As a result, the remaining lifetimes from the model don’t resemble the remaining lifetimes from the data.

plot_percentiles(rem_seq, color='C2', label="Actual data")
series.plot(color="C4", ls=":", label="Gaussian model")

gray_box(125)
decorate(
    xlabel="Time since diagnosis (months)",
    ylabel="Average remaining time",
    title="Average remaining time compared to Gaussian model",
    loc="upper right",
)

_images/16e98206aa29ce37968b4c3e5fd15535b256ccc060e219843df09534334249ba.png

With the Gaussian model, the average remaining survival time starts around 20 months, drops quickly at first, and levels off around 5 months. So it behaves nothing like the actual averages.

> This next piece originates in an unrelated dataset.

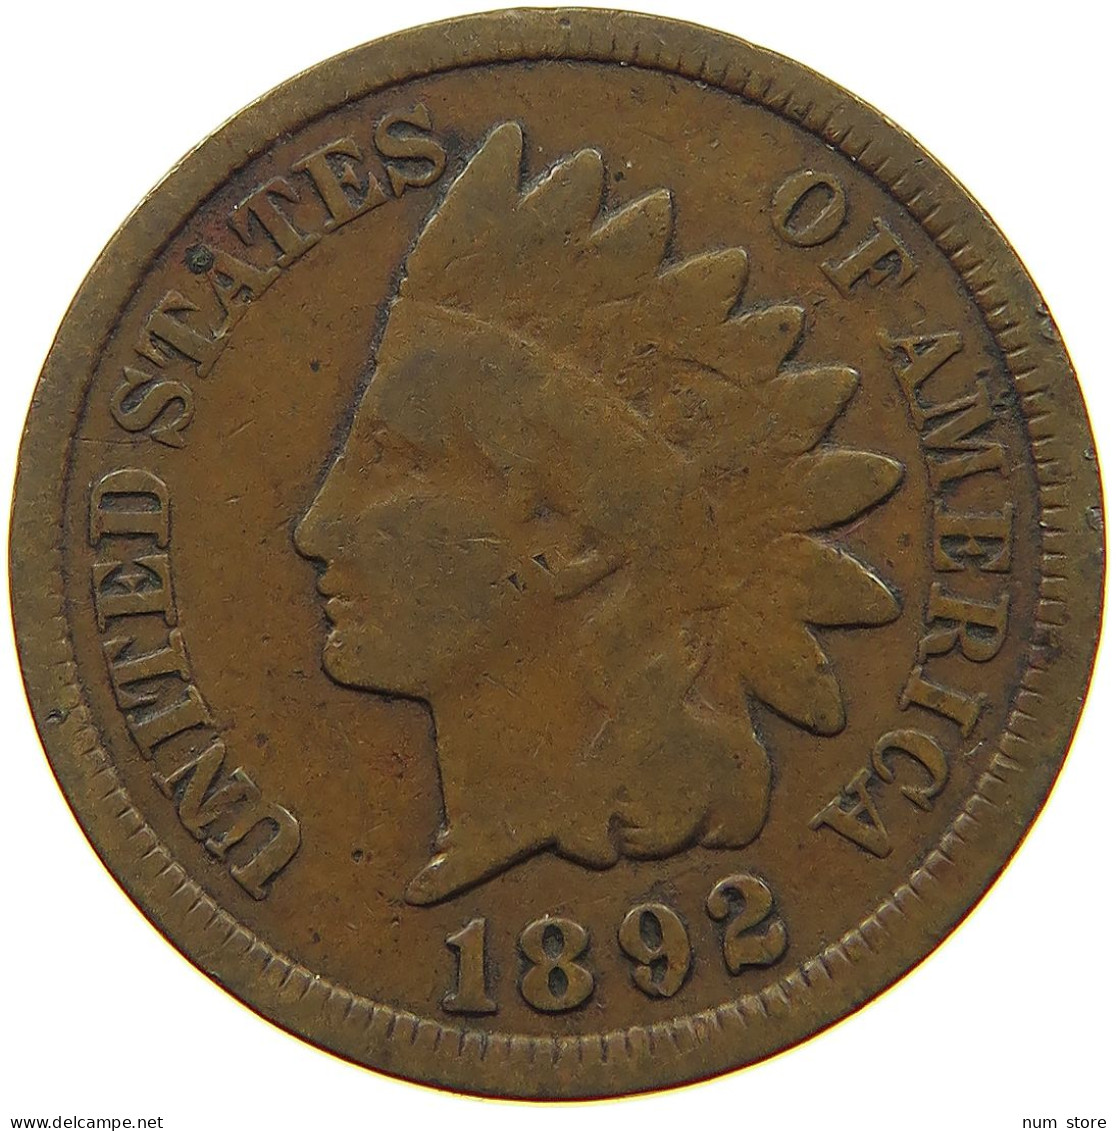 UNITED STATES OF AMERICA CENT 1892 INDIAN HEAD #s063 0425 - 1859-1909: Indian Head

On the other hand, if your mental model of the distribution is lognormal, you would get it about right. To demonstrate, I chose a lognormal distribution that fits the actual distribution of survival times and used it to compute average remaining lifetimes.

Here’s the function that fits the distribution.

from scipy.optimize import least_squares


def fit_lognormal(surv, xs=None):
    """Fit a lognormal distribution to a survival function.
    
    surv: Surv object
    xs: places to evaluate the survival function
    
    returns: Surv
    """
    def error_func(params):
        mu, sigma = params
        # just fit over the range from 0 to 120 months
        xs = np.logspace(0, np.log10(120))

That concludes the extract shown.